US President Barack Obama said on Friday that regulators would look for ways to prevent a repeat of Thursday’s mysterious stock market meltdown, adding to expectations the US government will make new regulations to curb runaway computer trading.
More than a day after a nearly 1,000-point drop in the Dow, the government had not publicly pinpointed the reasons.
Growing concern about the Greek debt crisis, exacerbated by a spike in the yen, may have caused computerized trading programs to dump US stocks. Initial theories had focused on an individual trader erroneously entering an order, known as “fat finger” on Wall Street.
“The regulatory authorities are evaluating this closely with a concern for protecting investors and preventing this from happening again,” said Obama, who called the sell-off “unusual market activity” when he spoke to reporters.
More than 50 people were working on the investigation into the night on Friday — some who have slept for only two hours since Thursday’s plunge — but regulators still do not know whether it started outside or within equity markets, a government source close to the probe said.
Politico, a news organization that covers US politics and government, said regulators were eyeing a series of high-volume trades in S&P futures in Chicago as the trigger.
Whatever the cause, the biggest-ever intraday point drop in the Dow stoked outrage among investors and politicians already up in arms over Wall Street’s role in the global recession.
“We should expect the regulators to use every tool available to them to lower the speed limit on financial markets, and especially on banks,” said Mohamed El-Erian, chief executive of Pacific Investment Management Co. “You will see regulation, taxation and enforcement all being used.”
Democratic senators Ted Kaufman and Mark Warner called for an amendment to the financial reform bill, asking US regulators to report on the causes of Thursday’s market plunge and whether circuit breakers are needed for computer-driven trading.
“A temporary US$1 trillion drop in market value is an unacceptable consequence of a software glitch,” Kaufman and Warner said in a letter to Christopher Dodd, chairman of the Senate Banking Committee.
EU market supervisors agreed on Friday to intensify monitoring because of wild stock and derivative swings.
The Dow industrials finished down 3.2 percent on Thursday.
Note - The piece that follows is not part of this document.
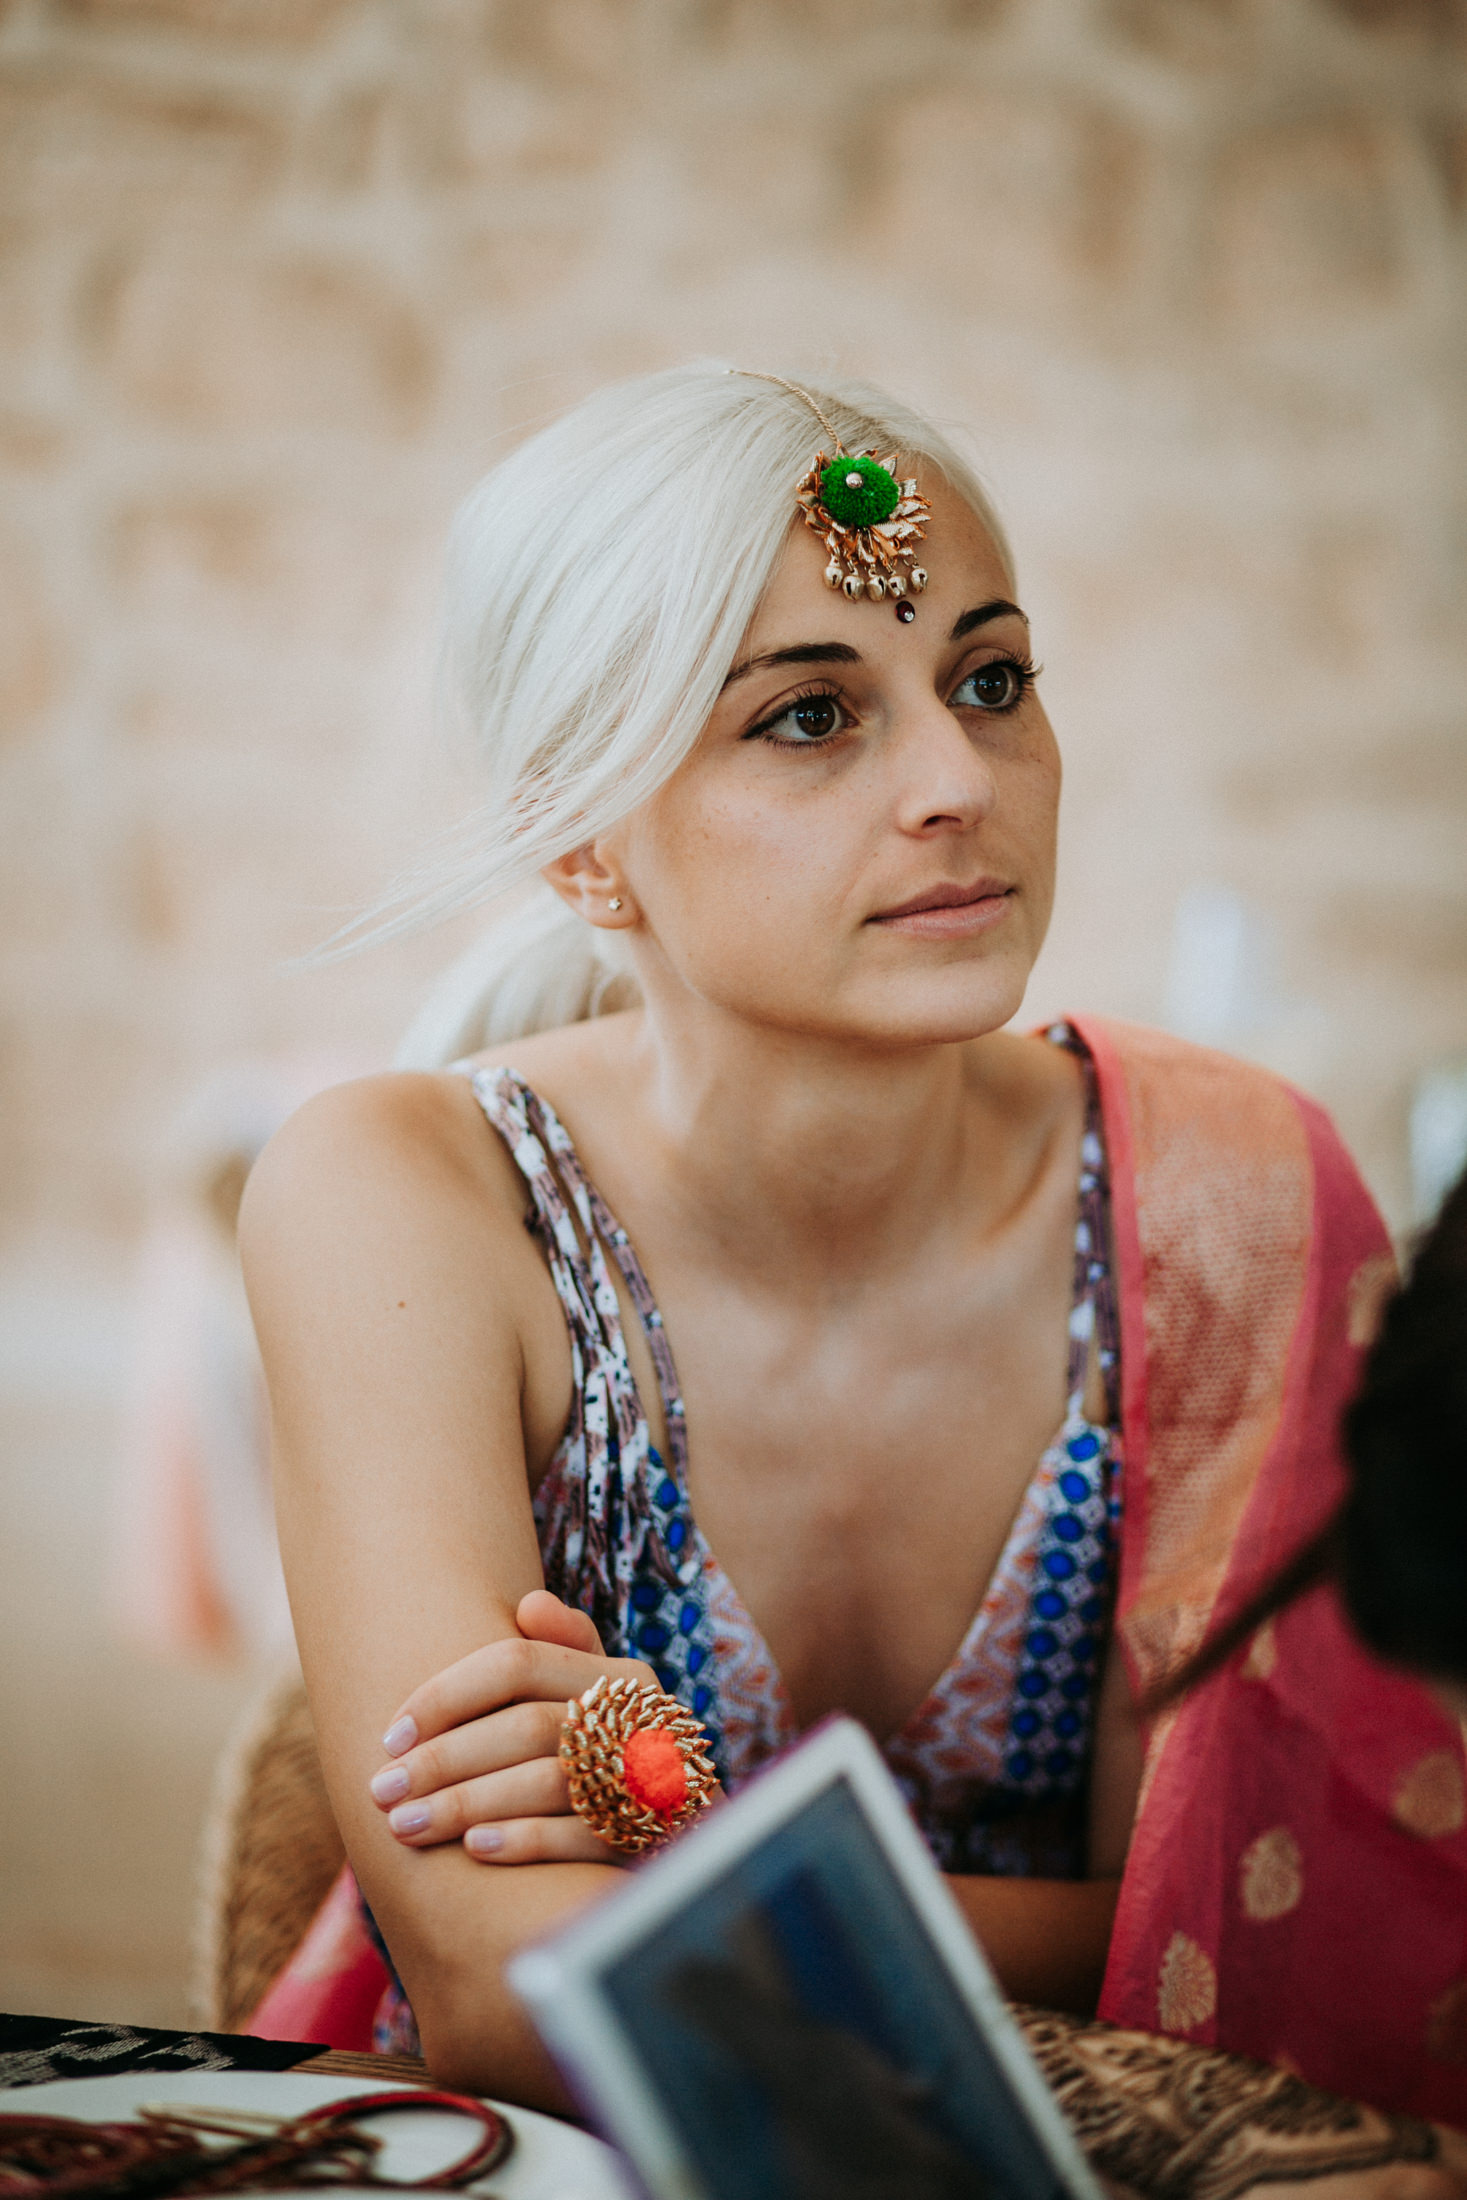 Wedding_Photographer_Mallorca_Daniela-Marquardt_Photography_New_York_Iceland_Tuscany_Santorini_Portugal_Austria_Bavaria_Elopement_Hochzeitsfotograf_AntjeRajat1_26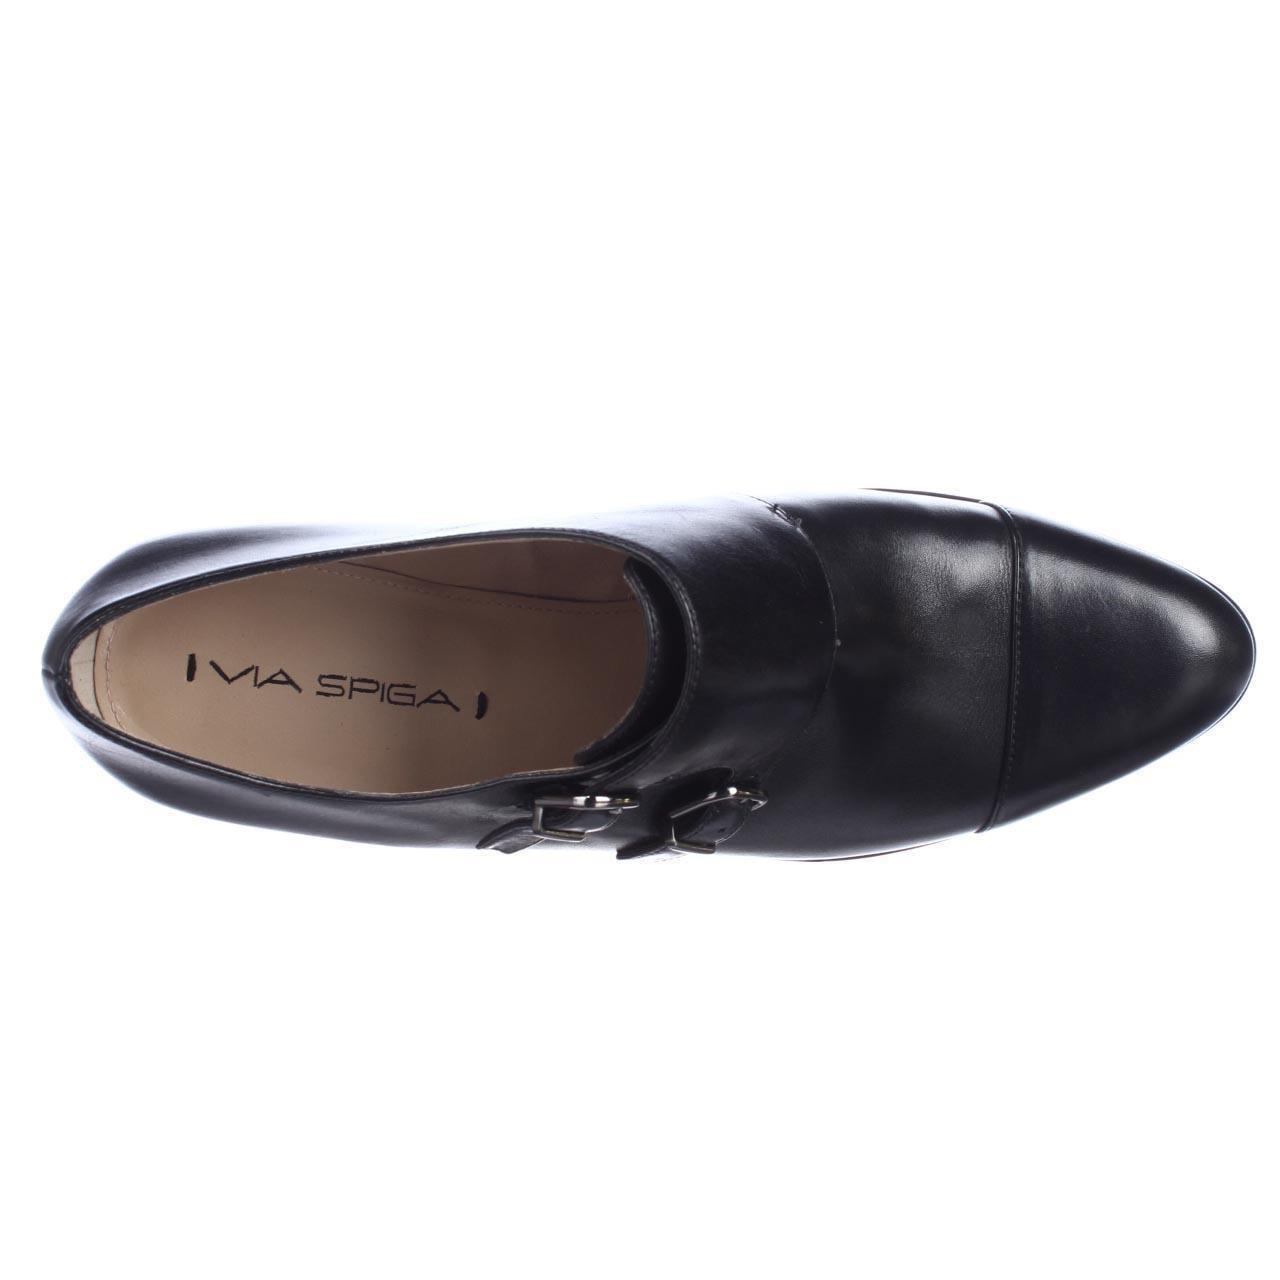 Womens Via Spiga Black, Cielo Sleek Buckle Oxfords, Black, Spiga 9.5 US 583807

The index lost 1.3 percent on Friday, but there was no sign of the kind of selling that wracked the market on Thursday.
While the reasons behind the market swoon remained unclear, one senior portfolio manager at a large corporate pension plan speculated the move could have been set off by an algorithm responding to a spike in the yen, first against the euro, then against the dollar.
That in turn may have touched off computer orders to dump large amounts of stock more or less instantaneously, the manager said.
“That set off a nuclear process of one order banging into the next and exploding,” he said. “At the end of the day, the fault lies with poor programming and lack of intelligent human override.”
The Securities and Exchange Commission and the Commodities Futures Trading Commission said they were examining the reasons behind the sell-off, and “scrutinizing the extent to which disparate trading conventions and rules across various markets may have contributed to the spike in volatility.”
There are two issues for regulators and exchanges. One is to ensure that the same kind of rapid sell-off does not happen again; the other is to determine if someone in the market was trying to take advantage of the situation.
NASDAQ OMX Group will push for a marketwide circuit breaker based on individual stocks, chief executive Robert Greifeld said. Duncan Niederauer, chief executive of NYSE parent NYSE Euronext, touted his exchange’s use of a lever that slows down floor trading.